复杂受限体系中蛋白质折叠行为的动力学模拟研究

Protein folding is an important and challenging problem in molecular biology. Experiments indicate that the protein folding processes in the crowded cell controlled by both thermodynamic and kinetic effects strongly depend on its local environmental conditions. It is well known that the folding process of certain proteins in vivo requires the assistance from molecular chaperones providing the confined nanocage. Furthmore, some illnesses such as Parkinson's disease, Kreutzfeld-Jacob syndrome and mad cow disease are treated as the result of toxic protien misfolding in the cellular environment. Therefore, the investigation of protein folding behaviors in the complex confinement is significant for understanding the nature of life..The current research proposal carried out numerical analysis and computer simulations aspires to provide the theoretical support for the comprehension of protein folding process under the confined system. The replica-exchange strategies by coupling coarse grained and all-atomistic molecular dynamics simulations will be applied. The anticipated results achieved by computer simulations and theoretical studies are specified as follows (1) To establish the theoretical approach and molecular model concerning the improved expression of confining potential, optimized algorithm, and effective parameters to obtain the structural information. (2) To find the intrinsic relationship between the equilibrium configuration of the target protein under different geometrical confinements and the interactions between them. (3) To illuminate the physical mechanism of the protein folding in the complex confinement. .The molecular insight into the protein conformational transition, as established by the present research, could be used to anticipate the native structures, control the bilolgical processes and guide the design or application of surfactant in bioprocessing engineering.

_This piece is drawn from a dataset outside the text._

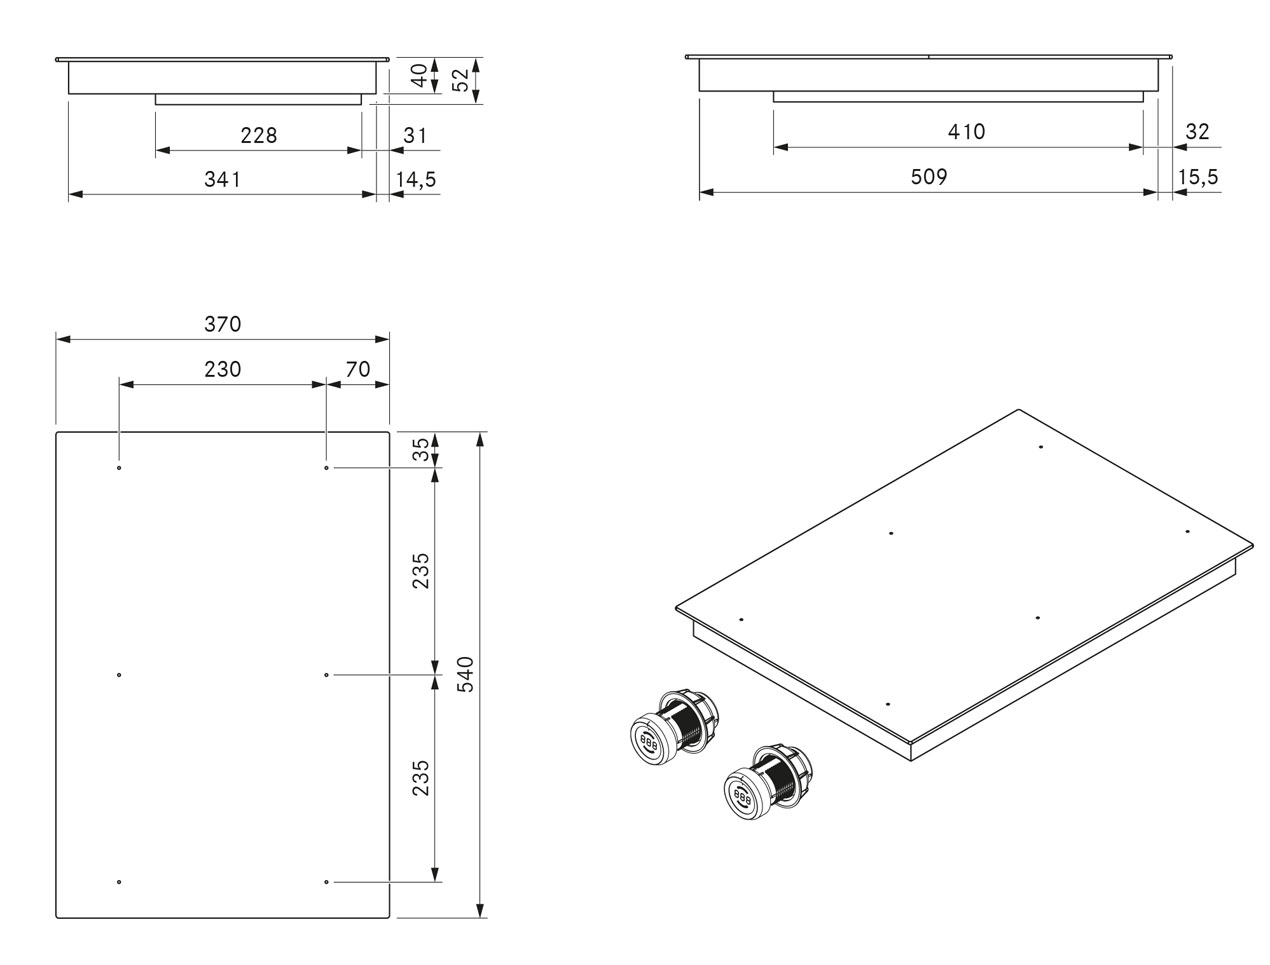 pkfi11 fl chen induktions kochfeld dunstabzug center. Black Bedroom Furniture Sets. Home Design Ideas

蛋白质分子的折叠过程与所处的外部环境密切相关，是一个受到热力学和动力学双重制约的过程。蛋白质分子在复杂受限体系中的折叠行为研究，对认识生命现象、控制生物过程乃至发明新型药物和诊疗方法，都有着重要的意义。本项目拟采用结合粗粒化和全原子模型的副本交换分子动力学模拟，对蛋白质在复杂受限体系中折叠的动力学过程和热力学性质进行研究。通过计算机模拟和理论分析，达到以下目标：(1)建立一套较完整的研究蛋白质在复杂受限体系中折叠行为的理论方法和模型，包括确立复杂受限空间的势能函数表达式、优化算法、提供有效的结构分析手段。(2)揭示受限空间结构和相互作用方式与蛋白质稳定构型的内在联系。(3)阐明蛋白质在复杂受限体系中折叠过程的物理图像。通过上述研究，深入理解蛋白质的折叠机理，为蛋白质三维结构的预测、功能分析、以及药物设计提供理论依据。

蛋白质作为生命信息的载体，它折叠所形成的特定空间结构是其具有生物学功能的基础，此一维信息向三维信息的转化过程是表现生命活力所必需的。多肽链折叠成蛋白质特定三维结构的过程，是中心法则留下的空白，而这恰恰又是从“遗传信息”到“生物功能”的关键环节。阐明关于蛋白质折叠的过程将对相关疾病的预防和治疗都有重要意义。. 本研究基于NHP非格点和ODI格点模型对蛋白质链进行简化，通过分子动力学和动态蒙特卡罗模拟以及理论分析相结合的方法研究蛋白质的折叠过程和动力学行为。主要研究内容包括以下四个方面：(1)不同类型蛋白质链在折叠过程中的能量转变；(2)拥挤环境对蛋白质链传输过程的影响；(3)蛋白质在分子伴侣形成的管道中传输过程；(4)蛋白质链的柔性对其结构的影响。主要成果包括：(1)建立一套研究蛋白质折叠行为的理论方法和模型，包括确立受限体系的势能函数表达式、优化算法、提供有效的结构分析手段；(2)揭示空间结构、蛋白质链柔性及相互作用方式与蛋白质稳定构型的内在联系；(3)阐明蛋白质在分子伴侣形成的受限体系中输运过程的物理图像。通过上述研究，深入理解蛋白质的折叠机理，为蛋白质三维结构的预测、功能分析、以及药物设计提供理论依据。